Cirurgia Cardiovascular

Neoplasia na região cervical: entenda o diagnóstico que afastou Luis Roberto da Copa

Por Redação Brazil Health , 08/04/2026

4 min de leitura

Neoplasia na região cervical: entenda o diagnóstico que afastou Luis Roberto da Copa

Termo usado em casos como o do narrador Luís Roberto indica alteração na região cervical, mas não define origem nem tipo de tumor; investigação detalhada é necessária para orientar o tratamento.

O afastamento do narrador Luís Roberto das transmissões da Copa do Mundo após a identificação de uma neoplasia na região cervical chamou a atenção para um termo médico amplo, que costuma gerar dúvidas fora do consultório. Encontrada em exames de rotina, a alteração ainda precisa ser caracterizada para que a equipe médica defina o tratamento, um caminho comum nesses casos.

Na prática, “neoplasia cervical” é uma descrição inicial para um crescimento anormal de células no pescoço. O termo, por si só, não confirma se o tumor é benigno ou maligno, nem aponta de onde ele surgiu.

Segundo a oncologista Aline Lauda, co-líder nacional de oncologia de cabeça e pescoço da Oncoclínicas, um ponto central da investigação é que o pescoço pode não ser o local de origem da doença. “A região cervical concentra cadeias linfáticas importantes, que funcionam como uma espécie de filtro do organismo. Por isso, alterações identificadas ali frequentemente representam tumores que tiveram origem em outras áreas da cabeça e pescoço”, afirma.

Por que um nódulo no pescoço pode vir de outro lugar

A avaliação médica costuma incluir a busca do chamado sítio primário, ou seja, o ponto onde o tumor começou.

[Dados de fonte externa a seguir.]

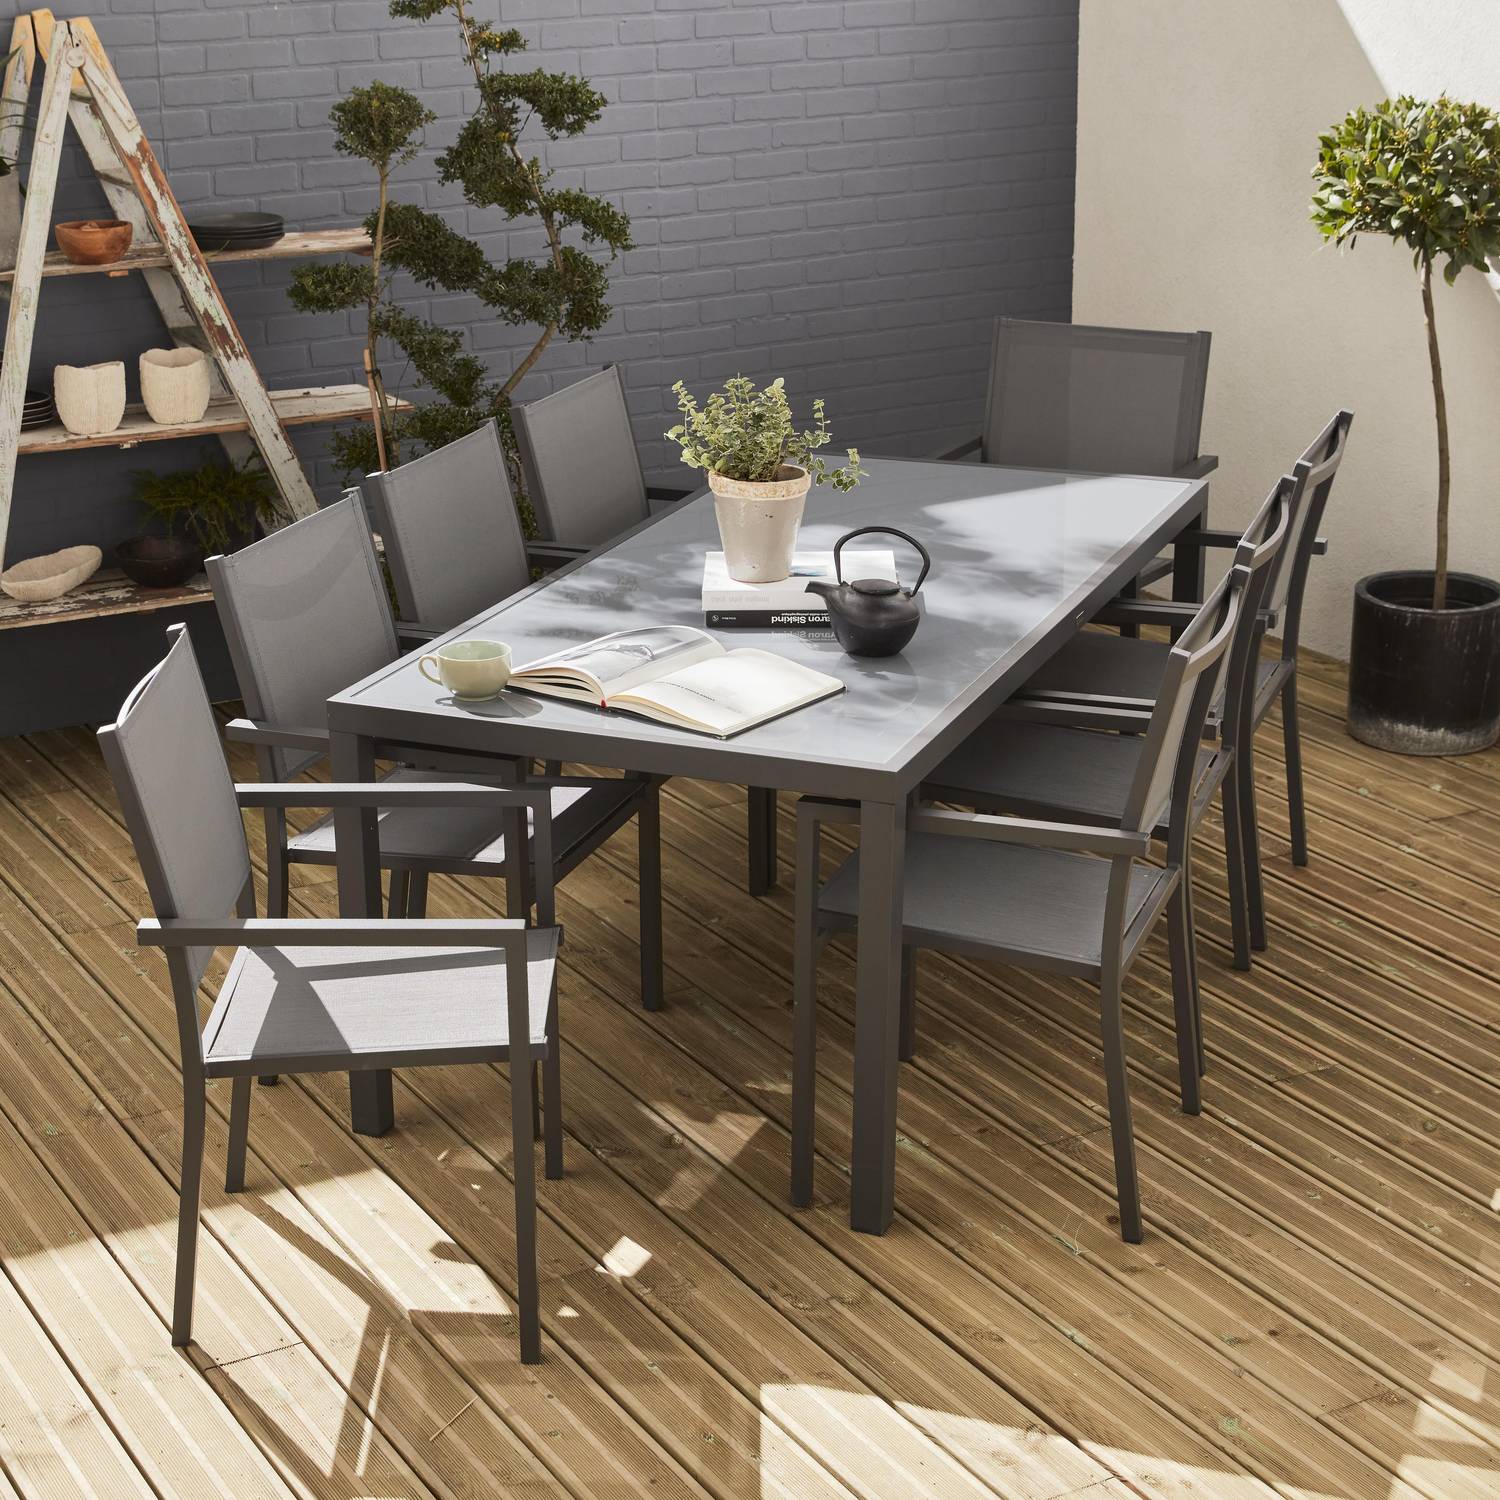 Salon de jardin en aluminium et textilène - Capua 180cm - Anthracite, gris - 8 places - 1 grande table rectangulaire, 8 fauteuils empilables Photo1

Entre as possibilidades estão cânceres que acometem boca, garganta, laringe, tireoide e glândulas salivares. Também entram no diagnóstico diferencial doenças como os linfomas, que se originam no sistema linfático e podem aumentar linfonodos no pescoço.

Por isso, a detecção de um nódulo é, muitas vezes, o começo de uma investigação mais ampla, e não um diagnóstico fechado.

Sintomas que merecem investigação

O sinal mais comum é um caroço no pescoço, frequentemente indolor. Embora seja comum que linfonodos aumentem por infecções benignas, a persistência do nódulo é um alerta. “O que orienta a necessidade de investigação é a duração e a evolução do quadro. Um nódulo que não regride após algumas semanas ou que apresenta crescimento progressivo precisa ser avaliado”, diz Lauda.

Outros sintomas podem aparecer, dependendo da origem do problema: rouquidão persistente, dificuldade para engolir, feridas na boca que não cicatrizam e dor de garganta prolongada. Isolados, podem parecer queixas comuns, mas quando não melhoram exigem avaliação.

Exames, fatores de risco e prevenção

A confirmação do diagnóstico costuma envolver exame clínico, exames de imagem e, em muitos casos, biópsia. “Definir de onde esse tumor se origina é fundamental. Isso impacta diretamente na escolha do tratamento e na avaliação do prognóstico”, afirma a oncologista.

Entre os principais fatores de risco para tumores de cabeça e pescoço, seguem o tabagismo e o consumo excessivo de álcool. Especialistas também destacam o crescimento de casos associados ao HPV. “Hoje, o HPV tem um papel relevante, especialmente em tumores de orofaringe, o que reforça a importância da vacinação”, diz Lauda.

O prognóstico depende do tipo e do estágio da doença ao diagnóstico. Em geral, identificar cedo aumenta as chances de controle e pode ajudar a preservar funções como fala e deglutição. O tratamento é individualizado e pode incluir cirurgia, radioterapia, quimioterapia e imunoterapia, isoladas ou combinadas, além de acompanhamento multiprofissional.

Embora o caso de Luis Roberto ainda esteja em avaliação, especialistas apontam que situações como essa reforçam a relevância do diagnóstico precoce e da prevenção, com redução de tabagismo e álcool e adesão à vacinação contra o HPV. “Prevenção e informação caminham juntas. Reduzir fatores de risco e ampliar o acesso à vacinação são medidas fundamentais para mudar o panorama dessas doenças”, conclui.